31.10.22

Encomenda

The Fat White Family, “It Is Raining in Your Mouth” (live at Coventry Cathedral Ruins), in https://www.youtube.com/watch?v=60-ECYLD79U

As horas abrem-se sobre as portas, esperam pela luz inaugural. Pintam os alpendres que tomam posição perante a alvorada. Dizem que o chão treme sob os pés das almas consentidas. Os vultos que se assenhoreiam do adro ditam o arfar do relógio. Não são tiranetes. Receberam a incumbência de arrotear o caminho válido por onde os demais vão seguir. Cabe-lhes saber se vão a seguir.

Dantes, a penumbra era verosímil. Caía como uma cortina que encerra o palco. Sentia-se ao longe a maresia. A casa, longínqua, debatia-se com o Inverno tumultuoso.
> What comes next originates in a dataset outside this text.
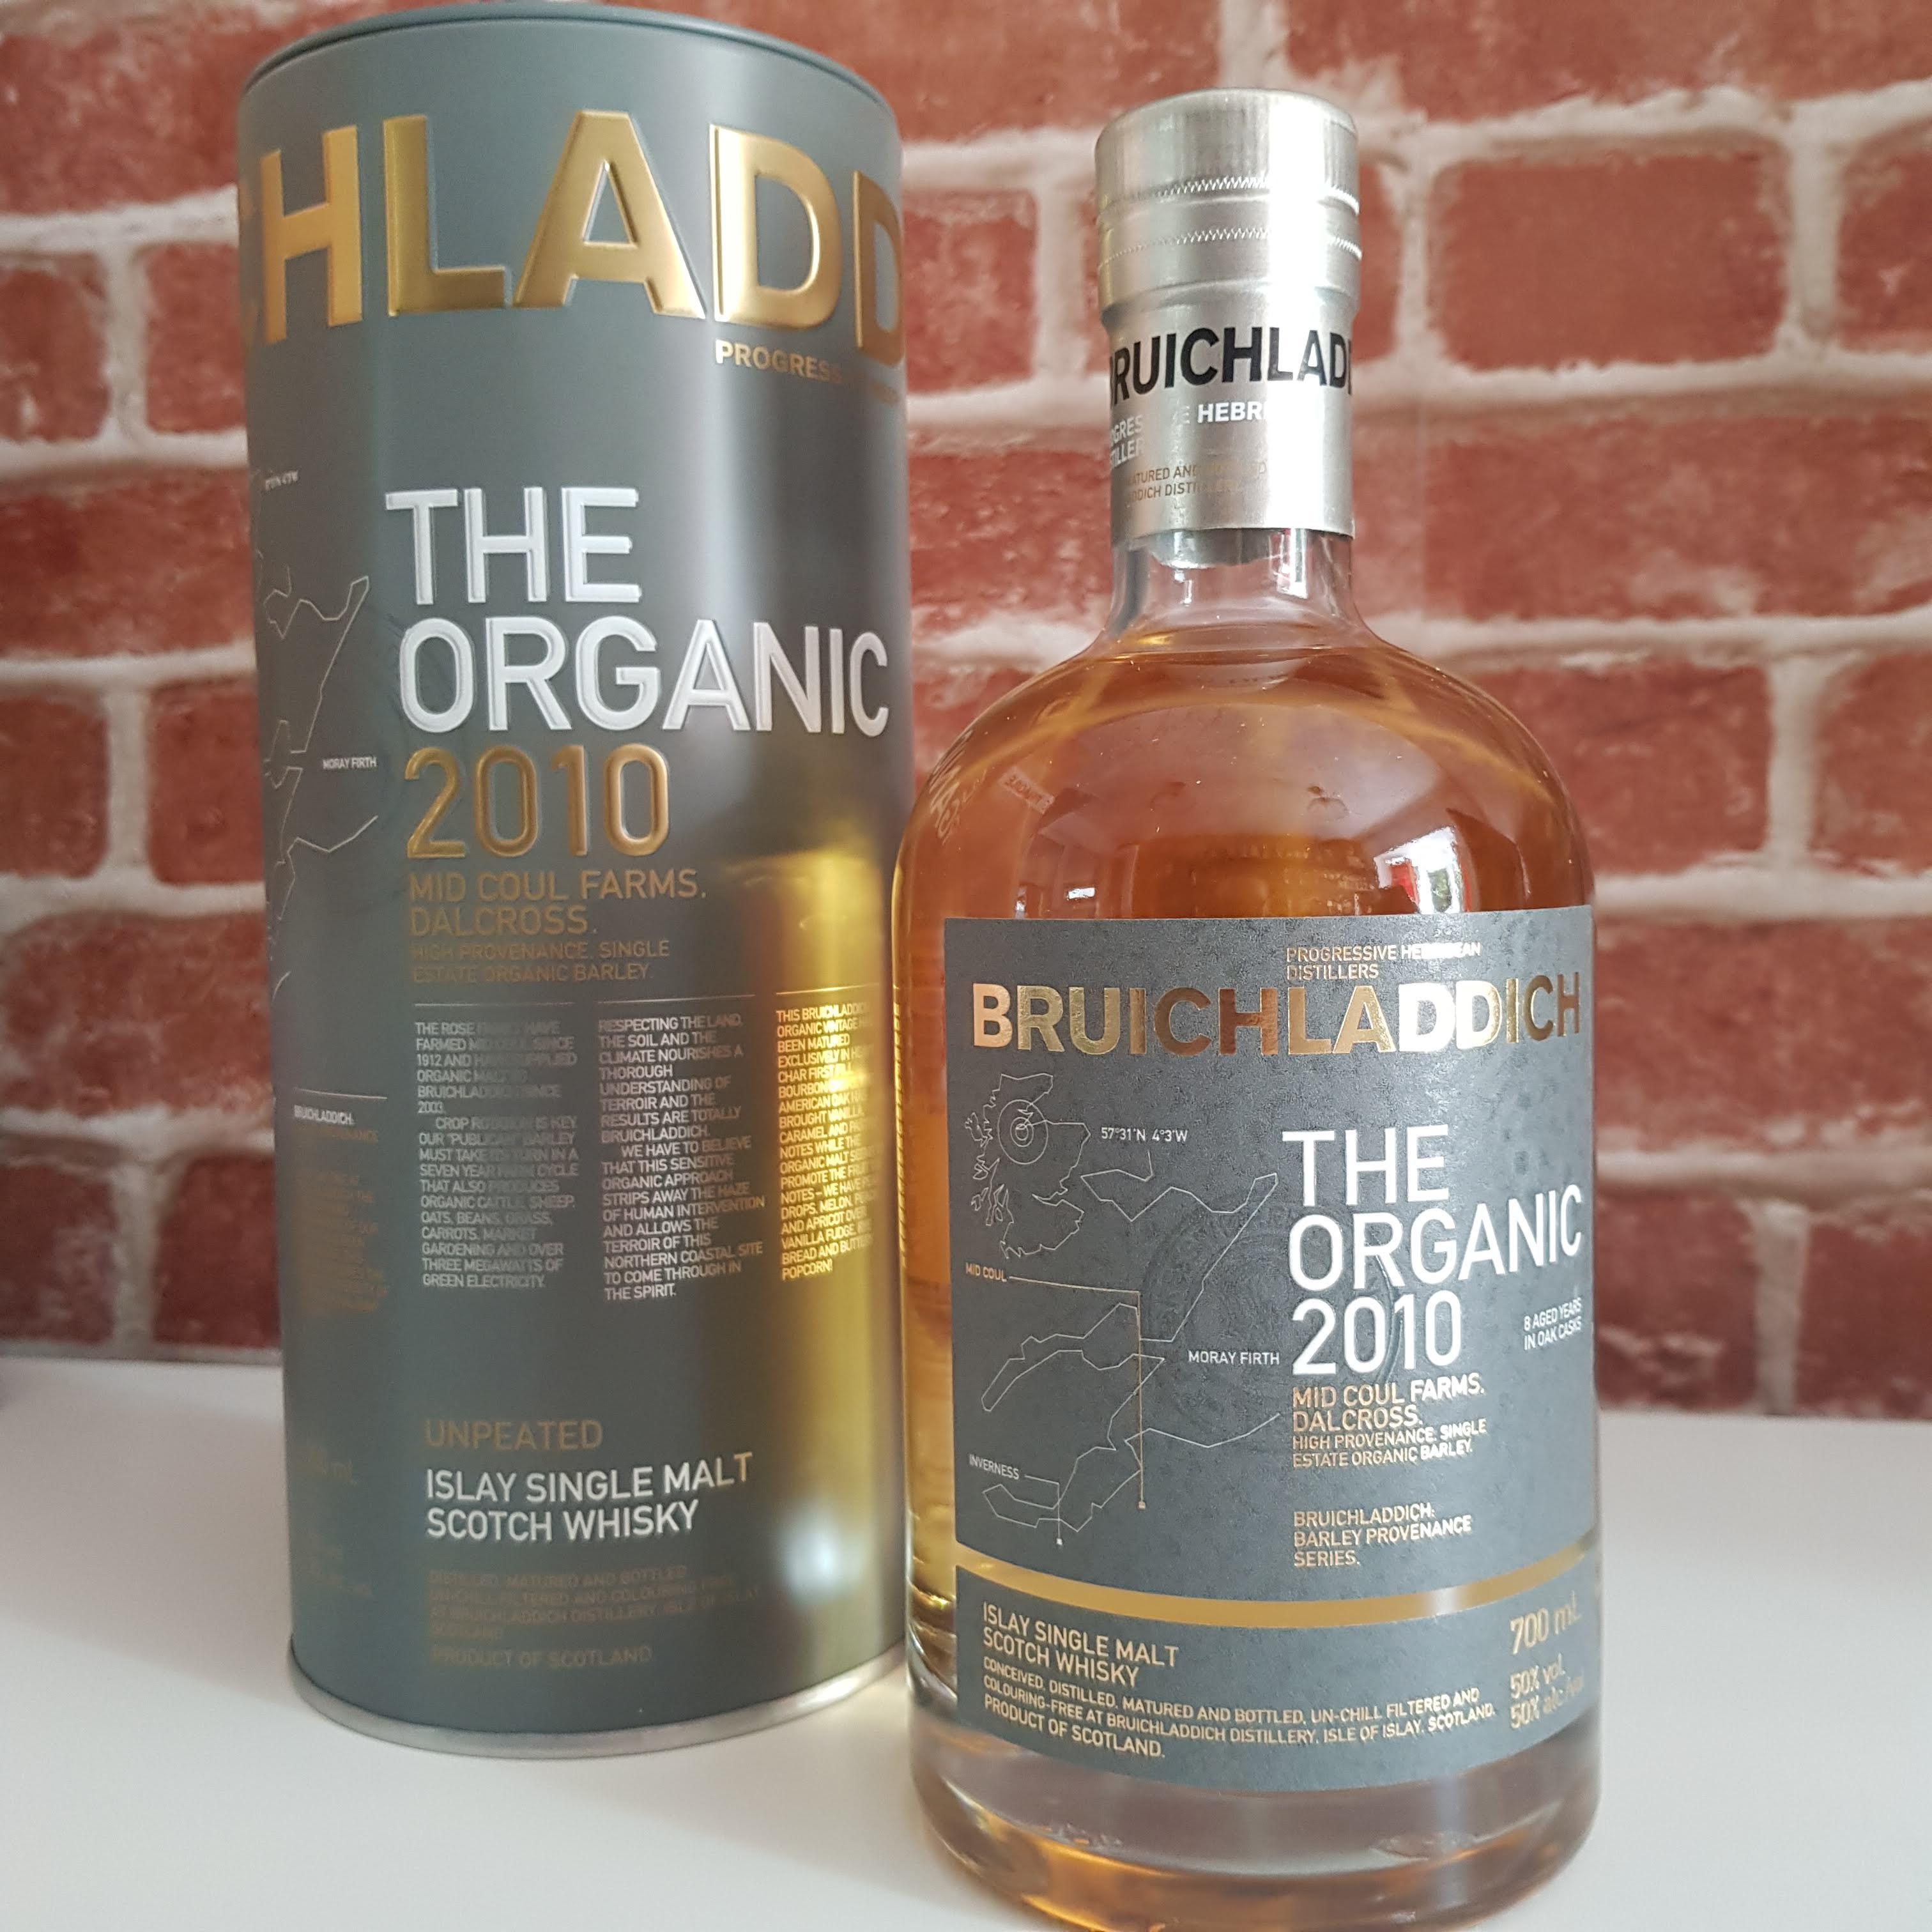 Bruichladdich The Organic 2010 Scotch Whisky Review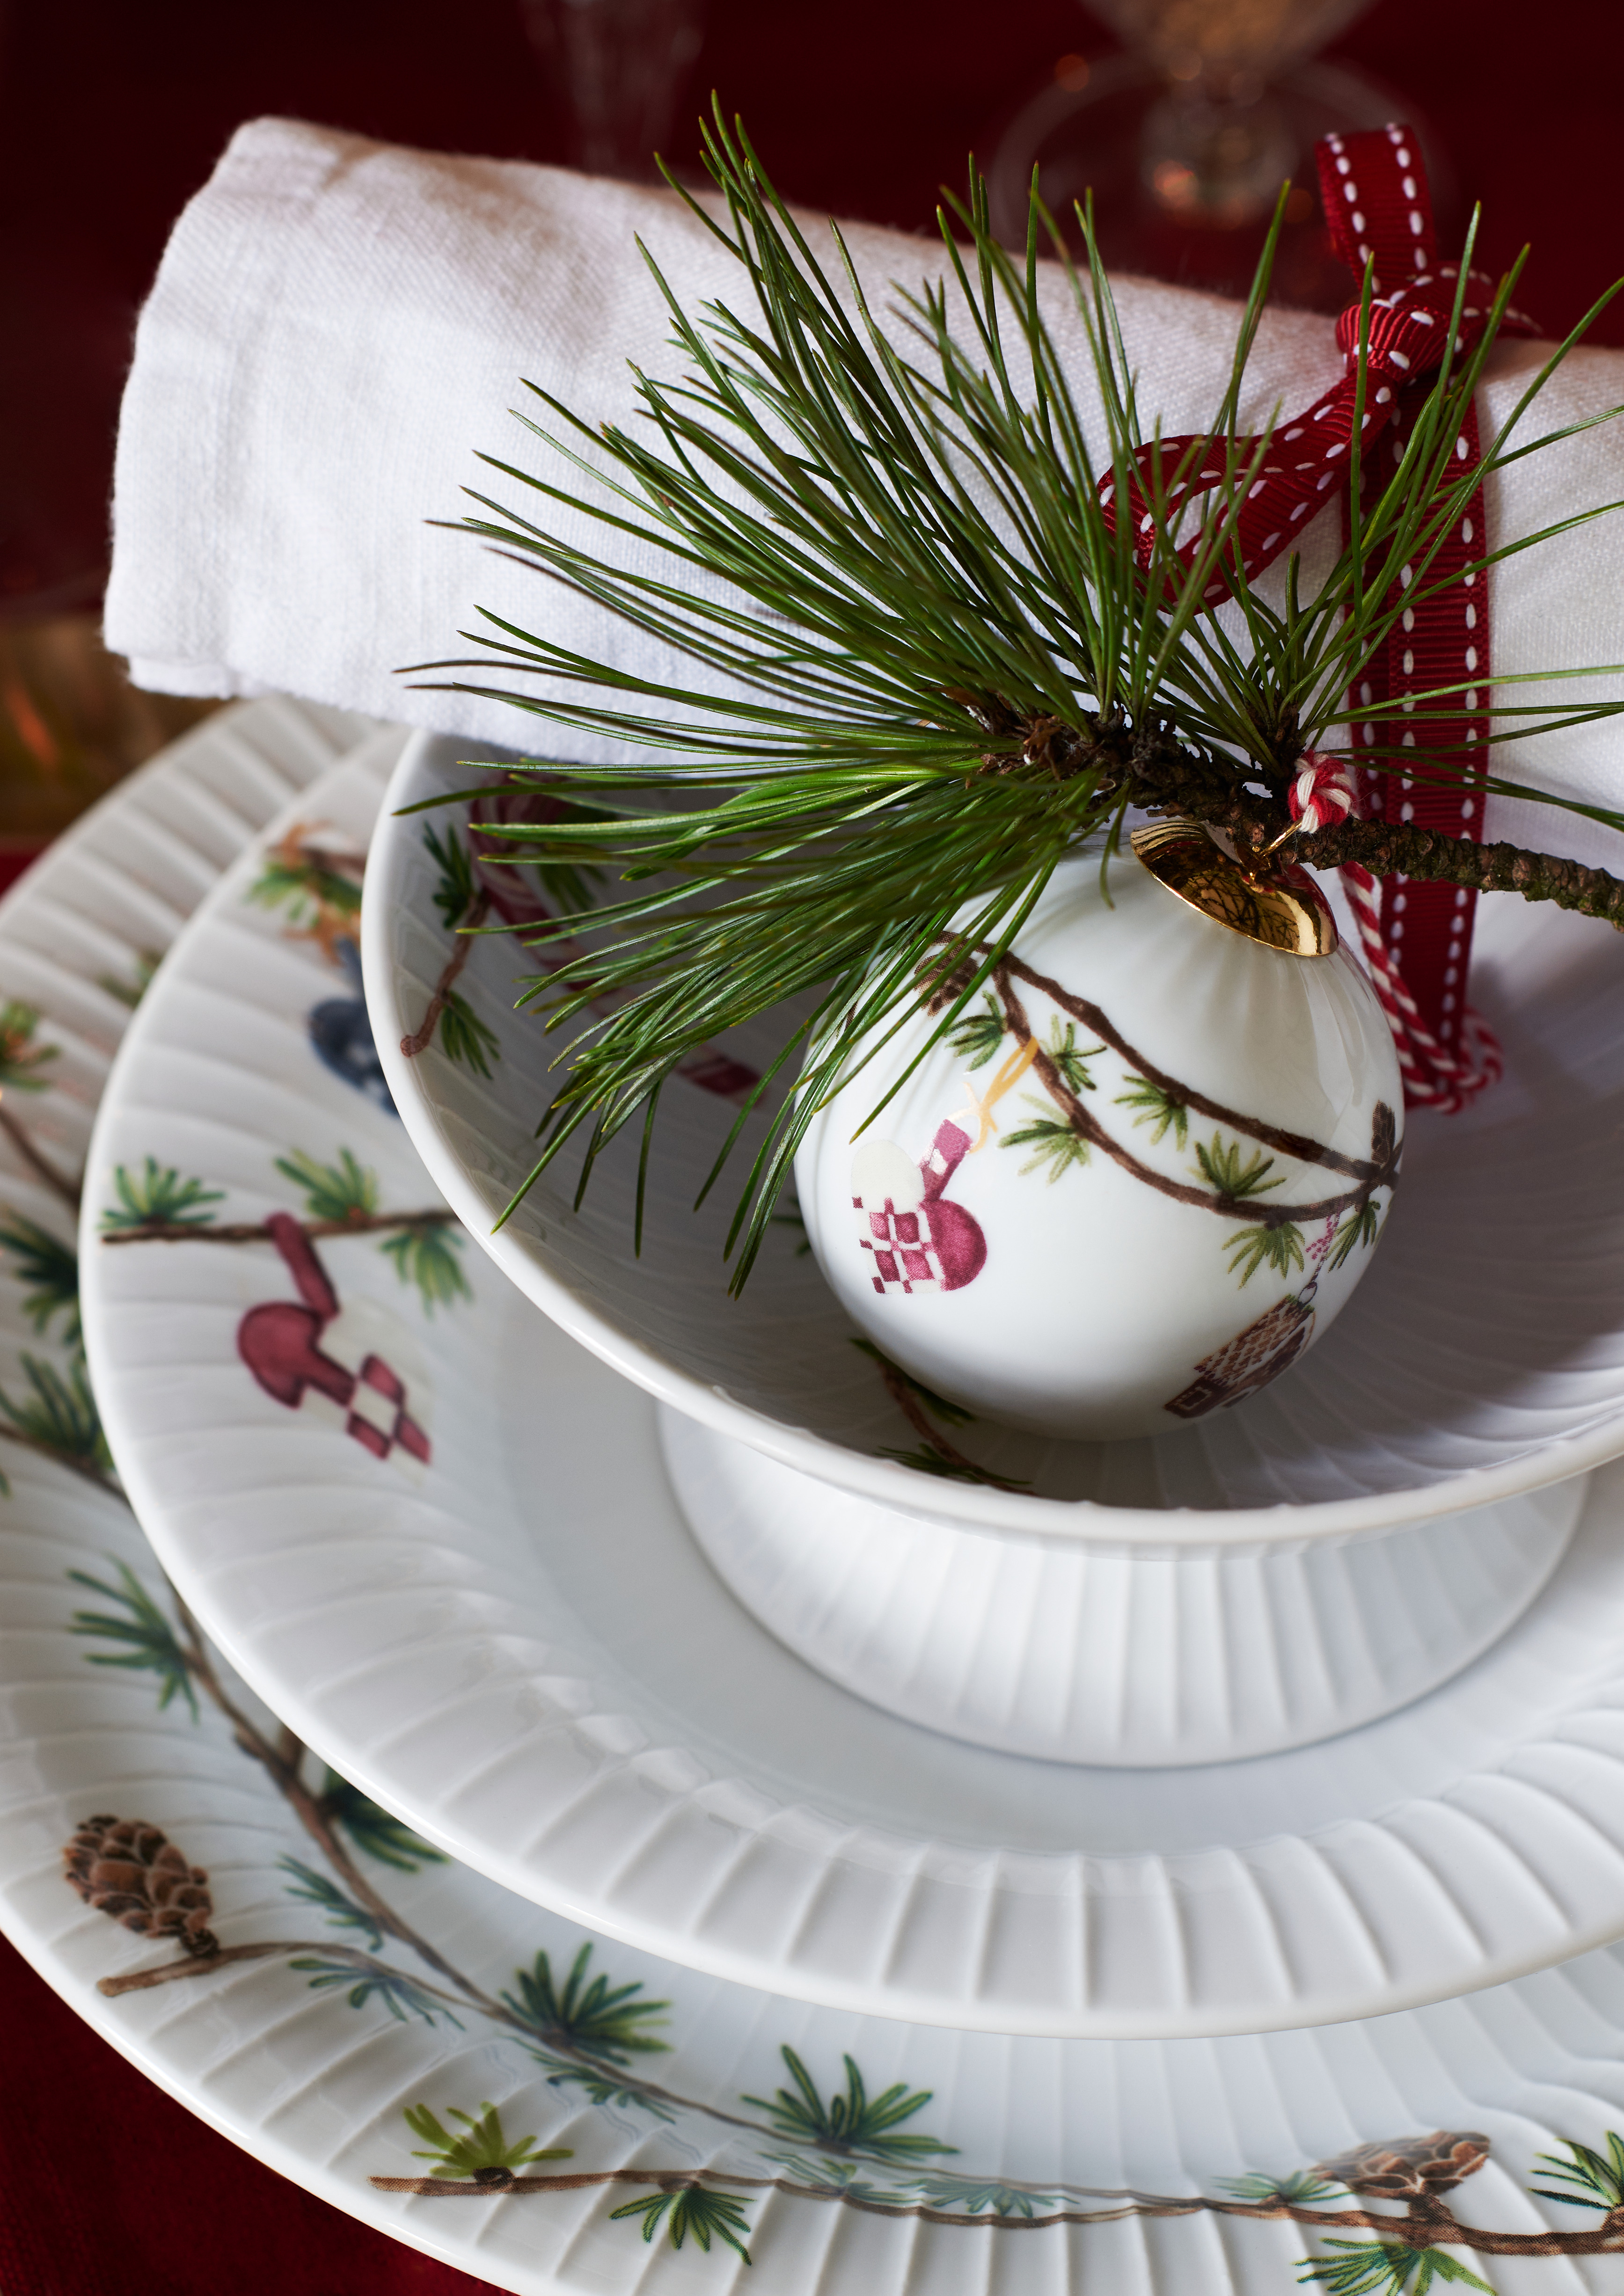 Plates with Christmas motifs from the Kähler Hammershøi Christmas series

Era uma luta desigual. Ninguém desistia de ser amanhã. O Inverno podia esperar na sua demora: as pessoas sabiam que esse era o magma que as trazia de atalaia; ninguém se acomoda se não houver sobressaltos estimados como verbos condutores. 

Ao menos, os vidros da casa eram a costura da fortaleza. Por isso, as casas eram inestimáveis. Razão tinham os agiotas fracassados: as casas deviam ser mais dispendiosas, pela proteção que as pessoas encontram quando têm nelas paradeiro. Mas ninguém cuidava do cuidado das casas. Enquanto refúgio contra o Inverno iracundo, estavam expostas às tempestades, ao gasto operado pelo frio cortante, à neve demorada que vagarosamente corroía as suas fundações. 

As pessoas não esperavam pela medida larga do futuro, lá onde as casas sucumbem como estilhaços às conspirações que demoram a vingar e a ferrugem sobe metalicamente à boca. As pessoas preferiam emudecer perante a nostalgia do presente. Viviam aprisionadas ao presente, como matéria fungível entre as dedadas lacradas por deuses intemporais. Não podiam ser censuradas. Se tivessem cicatrizes, eram da mesma perenidade de tatuagens. Sem o dizerem, acreditavam nas casas intemporais. Não diziam o mesmo de si mesmas, mesmo que soubessem que as pessoas, como cimento da espécie, são da mesma imorredoira matéria que as casas.

Antes que a noite retaliasse contra o dia consecutivo, arrumava-se o suor despendido na angariação do dia. As pessoas não tinham medo de encenar os oxalás que fossem precisos. Mesmo que a tempestade não se anunciasse e os corpos fossem trespassados pelo medo, haveria sempre uma casa como refúgio.